**Supplied data:**
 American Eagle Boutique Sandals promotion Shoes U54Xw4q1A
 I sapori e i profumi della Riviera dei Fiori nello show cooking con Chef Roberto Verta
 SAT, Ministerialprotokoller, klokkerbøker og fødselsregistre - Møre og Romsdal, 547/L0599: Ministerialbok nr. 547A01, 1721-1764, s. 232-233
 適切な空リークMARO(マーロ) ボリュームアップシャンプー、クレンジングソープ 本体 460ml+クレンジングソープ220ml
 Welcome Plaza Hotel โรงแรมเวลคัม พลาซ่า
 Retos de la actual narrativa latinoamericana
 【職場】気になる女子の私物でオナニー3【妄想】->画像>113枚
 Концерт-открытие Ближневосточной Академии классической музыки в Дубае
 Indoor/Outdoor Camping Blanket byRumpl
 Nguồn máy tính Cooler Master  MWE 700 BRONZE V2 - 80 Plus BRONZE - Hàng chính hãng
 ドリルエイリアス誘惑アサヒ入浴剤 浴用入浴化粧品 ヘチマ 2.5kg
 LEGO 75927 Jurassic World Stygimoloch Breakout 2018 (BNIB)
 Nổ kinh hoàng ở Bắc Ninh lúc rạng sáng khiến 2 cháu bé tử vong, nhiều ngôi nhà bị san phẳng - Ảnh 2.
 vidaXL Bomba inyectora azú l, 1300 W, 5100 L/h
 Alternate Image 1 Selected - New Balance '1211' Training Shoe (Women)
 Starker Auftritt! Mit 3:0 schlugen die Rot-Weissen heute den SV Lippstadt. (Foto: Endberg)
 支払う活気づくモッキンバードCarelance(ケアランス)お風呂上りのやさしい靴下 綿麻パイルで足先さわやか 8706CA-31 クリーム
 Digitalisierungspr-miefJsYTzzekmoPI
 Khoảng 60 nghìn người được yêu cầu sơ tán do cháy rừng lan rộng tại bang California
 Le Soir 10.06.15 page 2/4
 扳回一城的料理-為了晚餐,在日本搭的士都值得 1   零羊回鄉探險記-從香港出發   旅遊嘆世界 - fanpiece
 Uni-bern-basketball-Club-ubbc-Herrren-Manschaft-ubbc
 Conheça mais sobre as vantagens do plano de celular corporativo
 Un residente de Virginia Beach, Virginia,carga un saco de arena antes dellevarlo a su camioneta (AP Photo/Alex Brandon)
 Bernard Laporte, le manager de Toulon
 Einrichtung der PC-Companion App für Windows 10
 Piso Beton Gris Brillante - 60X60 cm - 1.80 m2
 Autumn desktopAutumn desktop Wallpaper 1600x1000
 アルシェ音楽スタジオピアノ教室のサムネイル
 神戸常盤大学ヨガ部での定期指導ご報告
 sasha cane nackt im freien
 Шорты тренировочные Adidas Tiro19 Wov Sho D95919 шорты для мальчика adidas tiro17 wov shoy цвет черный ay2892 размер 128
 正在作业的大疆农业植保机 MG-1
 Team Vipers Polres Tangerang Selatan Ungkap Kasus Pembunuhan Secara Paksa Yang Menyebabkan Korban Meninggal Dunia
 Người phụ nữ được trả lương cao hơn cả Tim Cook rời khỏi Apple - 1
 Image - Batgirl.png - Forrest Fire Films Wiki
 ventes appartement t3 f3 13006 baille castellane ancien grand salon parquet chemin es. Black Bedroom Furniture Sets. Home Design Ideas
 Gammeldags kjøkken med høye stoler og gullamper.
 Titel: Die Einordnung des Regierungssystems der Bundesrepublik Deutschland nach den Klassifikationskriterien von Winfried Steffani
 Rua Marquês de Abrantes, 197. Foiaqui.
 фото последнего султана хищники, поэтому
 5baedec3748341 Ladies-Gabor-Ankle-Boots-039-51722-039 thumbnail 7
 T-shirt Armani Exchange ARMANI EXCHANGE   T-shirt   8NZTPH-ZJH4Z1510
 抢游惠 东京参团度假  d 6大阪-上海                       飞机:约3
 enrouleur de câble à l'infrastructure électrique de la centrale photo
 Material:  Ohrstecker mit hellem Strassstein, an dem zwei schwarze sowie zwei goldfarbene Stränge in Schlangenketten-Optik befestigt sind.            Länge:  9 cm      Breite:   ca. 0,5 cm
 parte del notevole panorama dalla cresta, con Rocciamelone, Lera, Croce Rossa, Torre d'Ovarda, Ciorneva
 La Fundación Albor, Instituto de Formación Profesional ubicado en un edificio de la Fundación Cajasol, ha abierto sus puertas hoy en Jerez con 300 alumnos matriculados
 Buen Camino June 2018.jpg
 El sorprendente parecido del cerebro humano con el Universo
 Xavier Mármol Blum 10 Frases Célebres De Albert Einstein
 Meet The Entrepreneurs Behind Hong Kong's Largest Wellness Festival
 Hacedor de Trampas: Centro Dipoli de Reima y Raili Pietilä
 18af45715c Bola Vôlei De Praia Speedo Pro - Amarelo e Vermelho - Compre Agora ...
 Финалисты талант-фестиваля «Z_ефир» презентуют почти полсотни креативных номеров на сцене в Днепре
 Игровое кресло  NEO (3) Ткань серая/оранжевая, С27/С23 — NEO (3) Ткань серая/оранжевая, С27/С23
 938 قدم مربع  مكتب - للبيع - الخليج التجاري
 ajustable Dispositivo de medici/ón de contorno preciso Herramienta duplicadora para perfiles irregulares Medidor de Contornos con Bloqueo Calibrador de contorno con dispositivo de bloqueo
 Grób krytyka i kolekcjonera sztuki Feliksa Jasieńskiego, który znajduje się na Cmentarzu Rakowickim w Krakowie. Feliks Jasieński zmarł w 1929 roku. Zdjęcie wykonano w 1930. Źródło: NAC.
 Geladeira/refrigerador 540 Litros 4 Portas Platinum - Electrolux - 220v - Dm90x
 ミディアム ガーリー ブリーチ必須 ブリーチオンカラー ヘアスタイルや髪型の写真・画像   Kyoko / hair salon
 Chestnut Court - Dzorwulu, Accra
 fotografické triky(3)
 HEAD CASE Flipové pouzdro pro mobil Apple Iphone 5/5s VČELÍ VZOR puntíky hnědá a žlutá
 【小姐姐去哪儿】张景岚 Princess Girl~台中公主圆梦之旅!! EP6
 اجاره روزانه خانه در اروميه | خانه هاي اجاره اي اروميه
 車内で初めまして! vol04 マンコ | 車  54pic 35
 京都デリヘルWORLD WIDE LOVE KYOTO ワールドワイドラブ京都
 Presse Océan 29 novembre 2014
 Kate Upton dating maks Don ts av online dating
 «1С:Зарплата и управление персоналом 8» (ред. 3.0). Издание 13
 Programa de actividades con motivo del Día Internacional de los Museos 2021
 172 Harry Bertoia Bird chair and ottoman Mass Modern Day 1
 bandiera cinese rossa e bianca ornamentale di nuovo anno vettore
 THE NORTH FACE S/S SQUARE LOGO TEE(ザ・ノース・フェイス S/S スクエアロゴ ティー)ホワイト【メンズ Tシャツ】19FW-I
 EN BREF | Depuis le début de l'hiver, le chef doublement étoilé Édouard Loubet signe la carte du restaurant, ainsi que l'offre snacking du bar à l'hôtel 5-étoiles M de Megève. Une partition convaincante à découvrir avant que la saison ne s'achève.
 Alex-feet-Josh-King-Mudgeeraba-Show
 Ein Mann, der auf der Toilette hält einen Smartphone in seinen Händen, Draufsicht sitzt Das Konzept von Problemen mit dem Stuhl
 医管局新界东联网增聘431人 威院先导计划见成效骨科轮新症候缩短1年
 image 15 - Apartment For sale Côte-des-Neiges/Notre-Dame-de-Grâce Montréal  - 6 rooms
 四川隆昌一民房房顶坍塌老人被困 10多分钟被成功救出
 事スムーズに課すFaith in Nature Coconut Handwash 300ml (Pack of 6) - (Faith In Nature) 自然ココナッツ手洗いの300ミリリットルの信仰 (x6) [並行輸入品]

**Problem to work on:** Lines containing the word "salon" must be found in the data above and copied.

**Task response:**
 ventes appartement t3 f3 13006 baille castellane ancien grand salon parquet chemin es. Black Bedroom Furniture Sets. Home Design Ideas
 ミディアム ガーリー ブリーチ必須 ブリーチオンカラー ヘアスタイルや髪型の写真・画像   Kyoko / hair salon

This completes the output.